Start of Entries provided
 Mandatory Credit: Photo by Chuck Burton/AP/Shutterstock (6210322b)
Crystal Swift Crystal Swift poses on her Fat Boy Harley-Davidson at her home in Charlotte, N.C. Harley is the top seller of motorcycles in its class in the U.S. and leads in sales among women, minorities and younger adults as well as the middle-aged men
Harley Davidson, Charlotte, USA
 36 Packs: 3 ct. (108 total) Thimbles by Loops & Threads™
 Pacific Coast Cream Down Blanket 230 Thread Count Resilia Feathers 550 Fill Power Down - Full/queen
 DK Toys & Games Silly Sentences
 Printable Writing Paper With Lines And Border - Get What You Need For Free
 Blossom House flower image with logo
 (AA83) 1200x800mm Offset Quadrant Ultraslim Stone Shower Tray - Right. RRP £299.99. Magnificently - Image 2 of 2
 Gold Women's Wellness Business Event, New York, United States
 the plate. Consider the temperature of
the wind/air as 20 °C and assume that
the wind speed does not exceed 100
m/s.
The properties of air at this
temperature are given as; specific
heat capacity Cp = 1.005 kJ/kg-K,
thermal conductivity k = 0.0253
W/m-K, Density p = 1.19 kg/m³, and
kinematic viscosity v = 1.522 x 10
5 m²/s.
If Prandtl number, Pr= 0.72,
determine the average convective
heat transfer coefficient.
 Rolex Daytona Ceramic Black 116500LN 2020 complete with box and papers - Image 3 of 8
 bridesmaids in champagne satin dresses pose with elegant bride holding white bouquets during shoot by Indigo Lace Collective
End of Entries provided
Task objective: Copy, without any change, the lines above from the one containing "(AA83) 1200x800mm Offset" to the end, both ends included. Add nothing else.

Exercise solution:
 (AA83) 1200x800mm Offset Quadrant Ultraslim Stone Shower Tray - Right. RRP £299.99. Magnificently - Image 2 of 2
 Gold Women's Wellness Business Event, New York, United States
 the plate. Consider the temperature of
the wind/air as 20 °C and assume that
the wind speed does not exceed 100
m/s.
The properties of air at this
temperature are given as; specific
heat capacity Cp = 1.005 kJ/kg-K,
thermal conductivity k = 0.0253
W/m-K, Density p = 1.19 kg/m³, and
kinematic viscosity v = 1.522 x 10
5 m²/s.
If Prandtl number, Pr= 0.72,
determine the average convective
heat transfer coefficient.
 Rolex Daytona Ceramic Black 116500LN 2020 complete with box and papers - Image 3 of 8
 bridesmaids in champagne satin dresses pose with elegant bride holding white bouquets during shoot by Indigo Lace Collective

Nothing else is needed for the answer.